We see evidence of this quite often in the world of journalism even with the advent of the internet and the obvious ease which anyone, be it blogger or journalist "professional" can research any topic in seconds making sure one's work or stories, professional or not do not fall into this category:
CBS News Fires Producer for Plagiarism
"Brierbart NEW YORK (AP) - A CBS News can producer was fired and the network apologized after a Katie Couric video essay on libraries was found to be plagiarized from The Wall Street Journal.
The essay was removed from the CBS Web site and an editor's note was posted saying the item should have credited Jeffrey Zaslow of the Journal, the network said Tuesday.

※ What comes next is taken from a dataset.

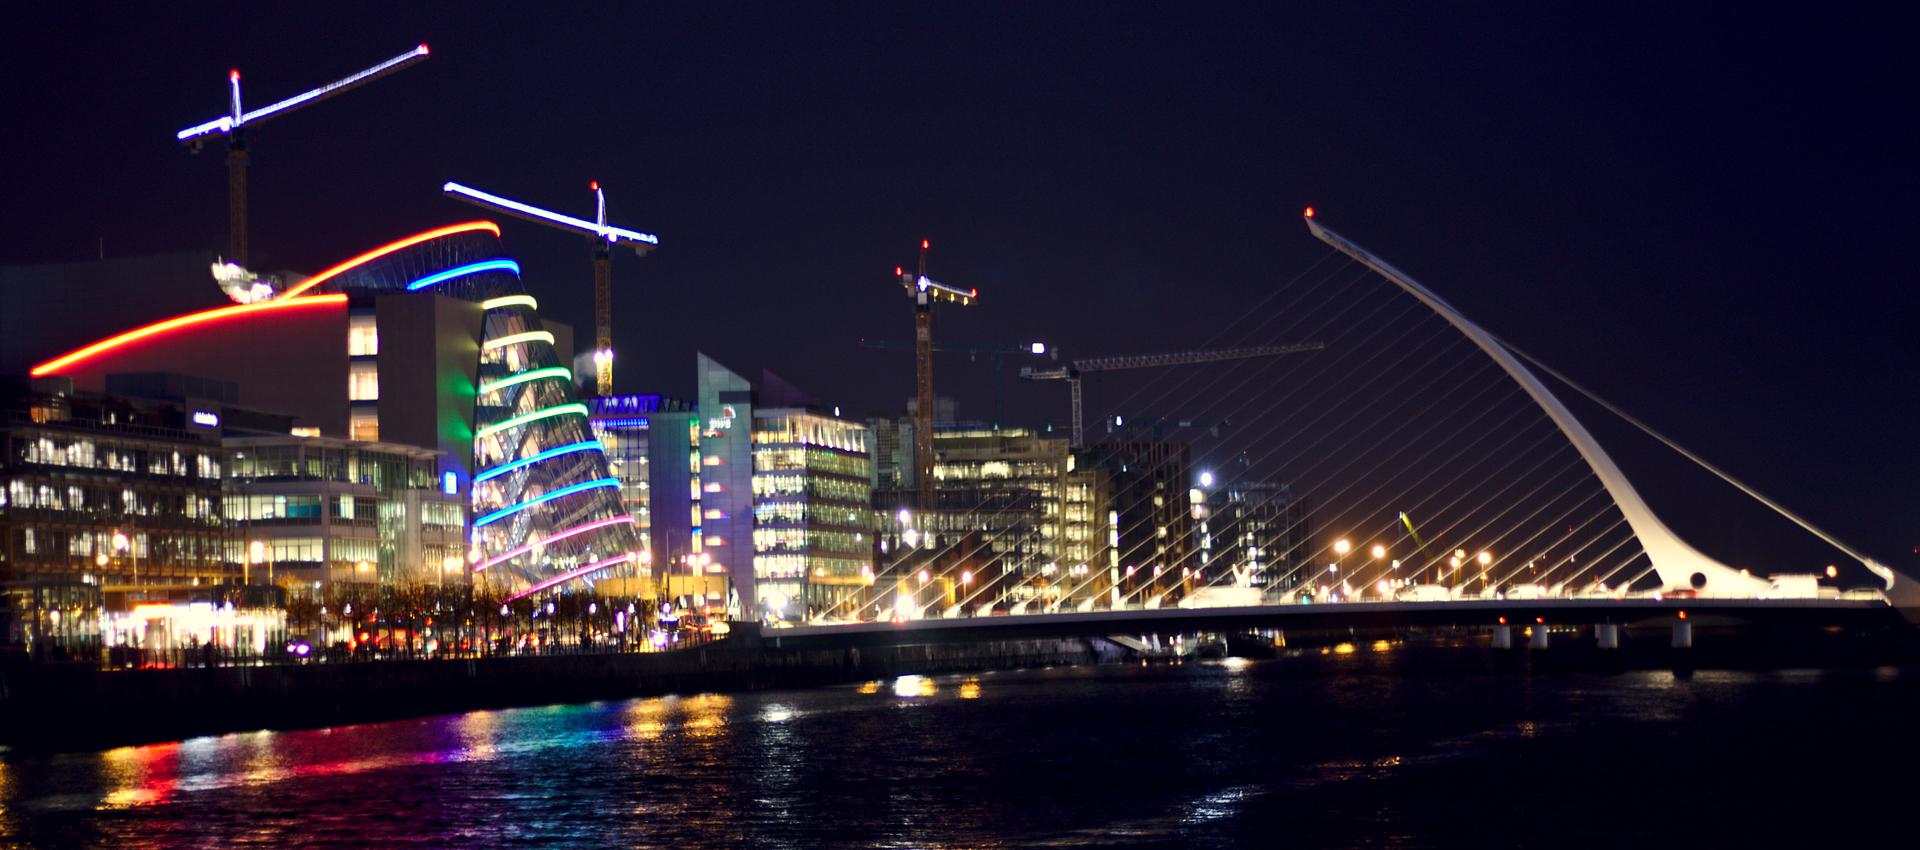 Irland Traveldiary #1 - Dublin: Die kleine aber feine Metropole

The essays are carried regularly on 'Couric & Co.,' the anchor's blog on the CBS News Web site. Couric and producers meet once a week to decide on topics and the producers write them for Couric to read on camera."An editor for The Wall Street Journal called CBS News to point out the similarities of the April 4 notebook item to Zaslow's article, headlined "Of the Places You'll Go, Is the Library Still One of Them?" The pieces talk about how libraries are seen differently by children from their parents.
"We were horrified," CBS News spokeswoman Sandra Genelius said. "It was almost verbatim."
CBS would not identify the producer fired for the transgression.
No official journo' education here as I said but I'm smart enough to know better than this you can bet "degreed" producer did or does. That "producer" sure is lucky they are not being identified as of yet at least, as their career would be ruined forever for such a "transgression" that simply cannot be dismissed as carelessness, not in today's age for the reason I stated above
This doesn't happen to anyone that bothers to research for 5 minutes seeing if any comparisons to other's work could be identified as I and millions of others do do every time I or they write something. And after all, I'm a degreed graphic designer by trade, not a "Journalist". So if I can and will do it they sure the hell can too.
Or they just out and out copied the work thinking the world out there isn't as smart as they think they are, which is probably the more likely scenario.